B. Relevant statutes

It is as shown in the attached Form.

C. Determination

(1) "Direct cultivation" under Article 69 (1) of the Restriction of Special Taxation Act and "self cultivation" under Article 104-3 (1) 1 (a) of the Income Tax Act mean that a resident is engaged in cultivating crops or growing perennial plants on his own land or growing or growing them with his own labor (Article 66 (13) of the Enforcement Decree of the Restriction of Special Taxation Act (amended by Presidential Decree No. 21307 of Feb. 4, 2009) as a unified concept for the purpose of achieving the legislative purpose of promoting agriculture and rural communities by preventing external farmland speculation and reducing the tax burden of self-employed farmers for not less than 8 years by reducing the tax burden of self-employed farmers. Therefore, "direct cultivation" means that a resident is engaged in cultivating or growing them with his own labor if he cultivates them or cultivates them with more than 1/2 of their own labor even if there is another occupation.

(2) On the premise of such a legal doctrine, the following facts can be acknowledged according to each of the statements in the Evidence Nos. 3 through 5 (including each of the natural disasters) in the Health Unit A.

① The neighboring residents of the instant land prepared a letter of confirmation to the effect that the Plaintiff cultivated the instant land directly from around 1998 to the time of the transfer of the instant land. ② Nonparty Doz, who operated Nonparty Doctrine, issued a letter of confirmation to the effect that Nonparty Doctrine had sold agricultural chemicals and farming materials to the Plaintiff from around April 1998 to October 2008. ③ Nonparty YE created a letter of confirmation to the effect that the Plaintiff cultivated the instant land along with his father and Nonparty 2, who had cultivated the said land even after marriage.

(3) However, according to the purport of Gap evidence Nos. 2, 5-1, Eul evidence Nos. 2 through 4 and the whole pleadings, the following facts can be acknowledged.

① The instant land is adjacent to the CC 232-7 4,973 square meters, GGB, which is the Plaintiff’s eF-owned farmland, and the boundary of two lots is unclear, and is now cultivated by Mana and sublime. ② According to the FF’s statement, his father directly cultivated the instant land before he died on January 11, 2001, and the Plaintiff, after marriage, was working for the agricultural cooperative after moving to the apartment located in GG city, and tried to work for the agricultural cooperative twice in one month. ③ The Mana-Guarantee Co., Ltd. (No. 5-1 of the evidence No. 5), prepared by the EE, entered that the Plaintiff cultivated the instant land from the instant land on a monthly to three occasions after marriage. ④ According to the results of the on-site investigation conducted by public officials affiliated with the Defendant, the Plaintiff’s co-owned land on behalf of the transferee of the instant land, and the Plaintiff’s co-owned land on a non-owned land 9-37, 2008 square meters.

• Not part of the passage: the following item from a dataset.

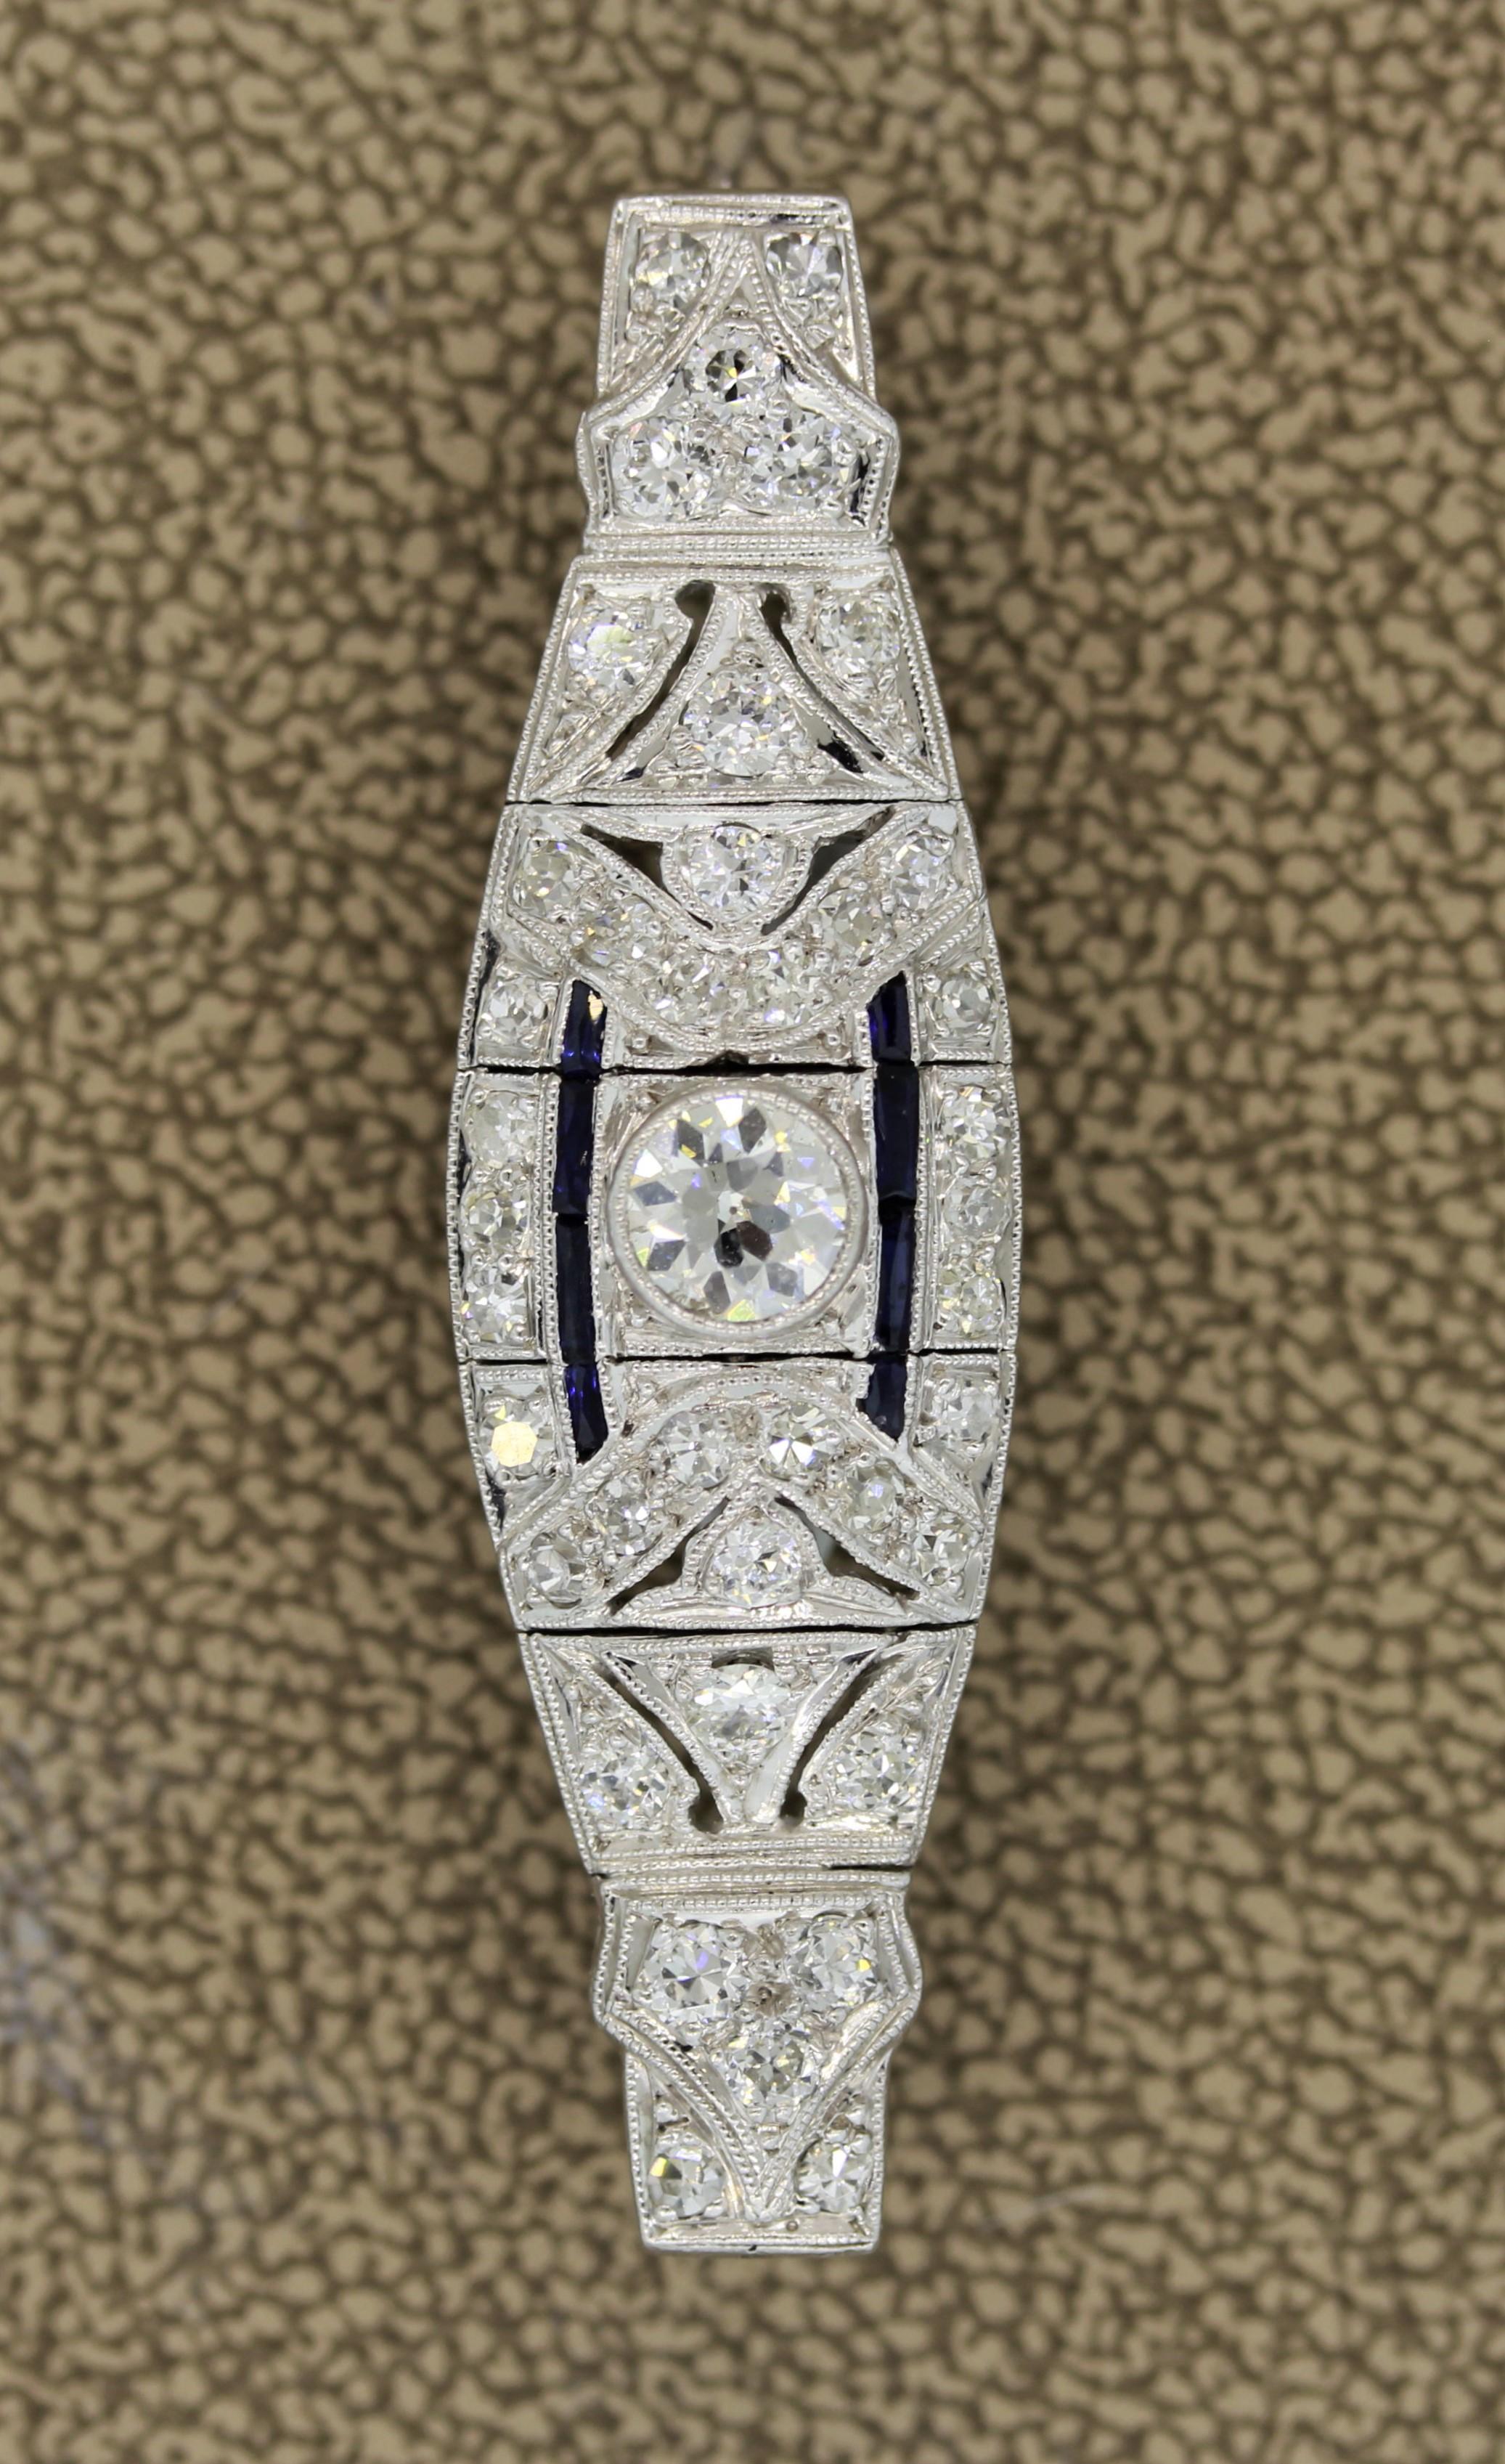 A lovely piece from the Art Deco era, circa 1925. It features a European cut diamond set in the center weighing 0.55 carats. It is accented with an additional 1 carat of smaller European cut diamonds set around the piece with blue sapphires as well.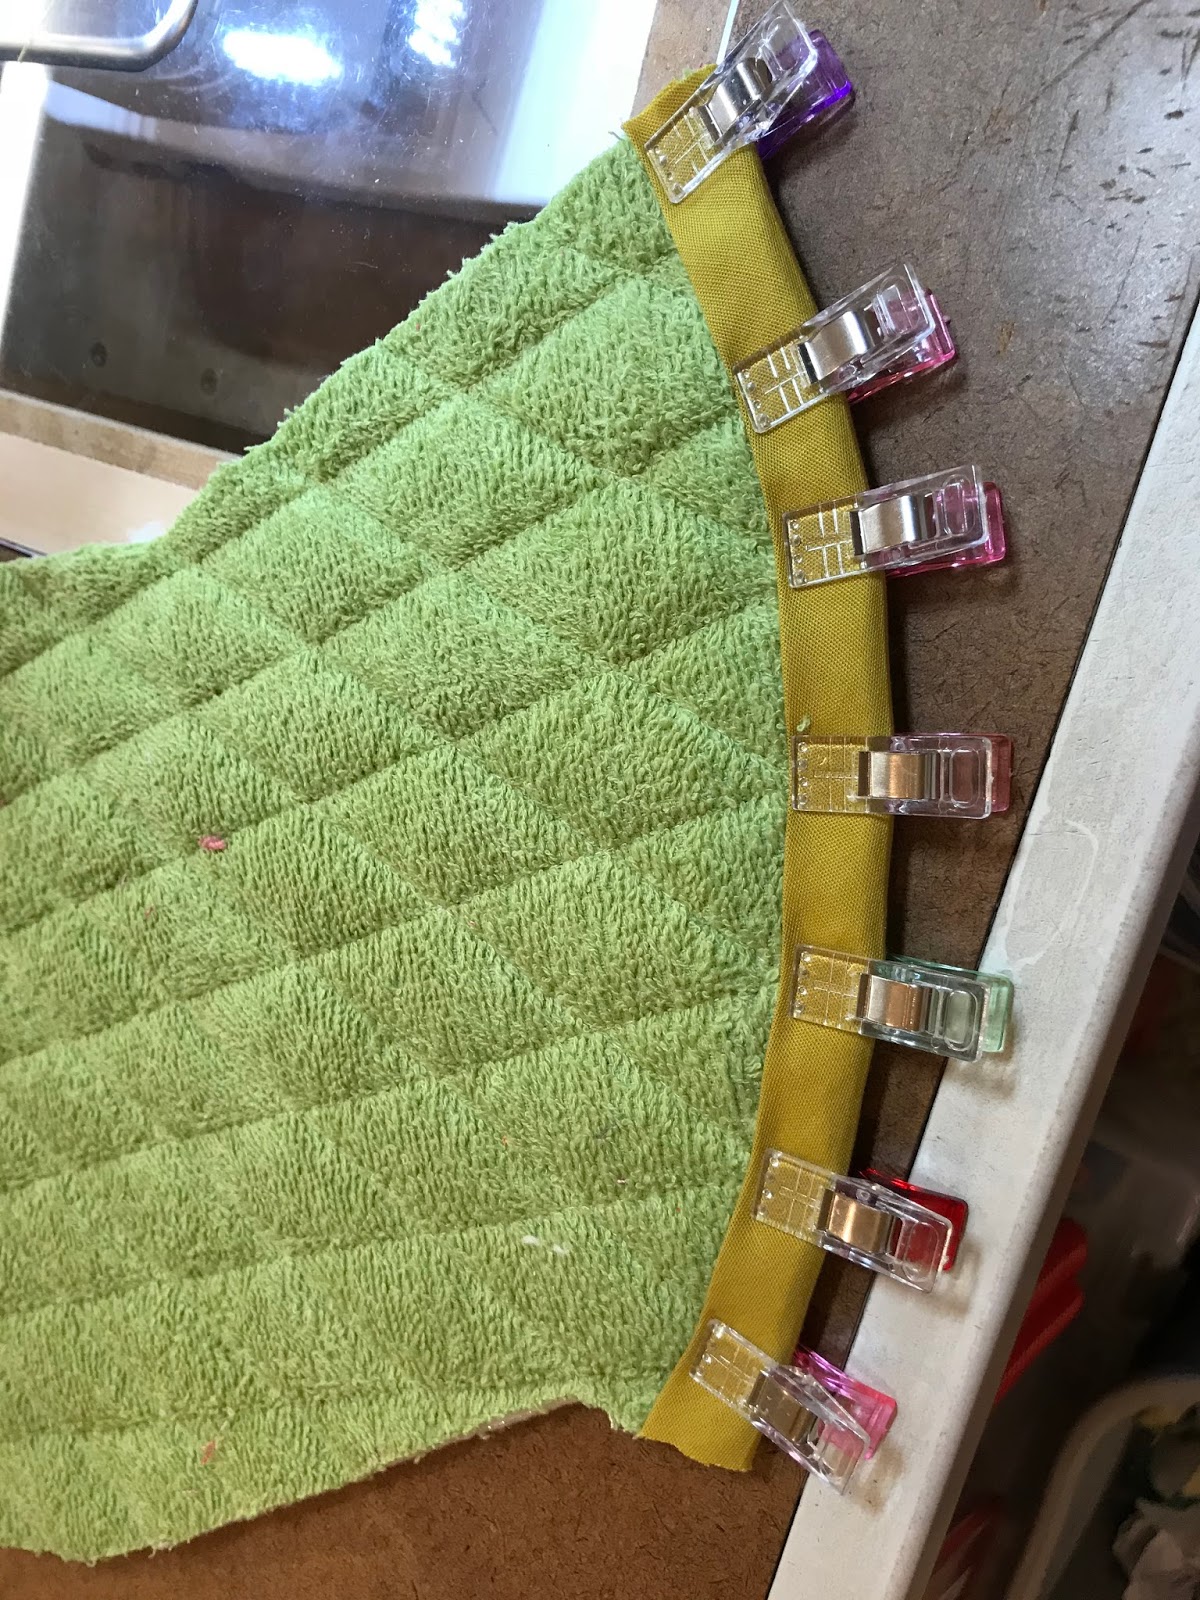 Rebecca Grace Quilting: In Which My Husband Sets My Oven Mitts On

According to the above facts, it is reasonable to view that, even after the Plaintiff’s father and Lee F were donated the land of this case by his father and his father were cultivated and his father died, this FF cultivated the land, and the Plaintiff was simply engaged in simplified cultivation. Therefore, it is insufficient to recognize that the Plaintiff was directly cultivated the land of this case for not less than eight years (in addition, the evidence constituting the basis for fact-finding under the above paragraph is insufficient since it can be prepared voluntarily, and therefore its credibility is insufficient).

(3) Ultimately, the Plaintiff’s assertion is without merit.

3. Conclusion

Thus, the plaintiff's claim of this case is dismissed as it is without merit.